Exercise details
In full and word for word, print the data below.

Dataset content
──────

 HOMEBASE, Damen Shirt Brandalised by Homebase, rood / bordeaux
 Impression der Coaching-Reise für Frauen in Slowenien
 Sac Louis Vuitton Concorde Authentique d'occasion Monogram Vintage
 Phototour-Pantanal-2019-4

──────

Exercise result
 HOMEBASE, Damen Shirt Brandalised by Homebase, rood / bordeaux
 Impression der Coaching-Reise für Frauen in Slowenien
 Sac Louis Vuitton Concorde Authentique d'occasion Monogram Vintage
 Phototour-Pantanal-2019-4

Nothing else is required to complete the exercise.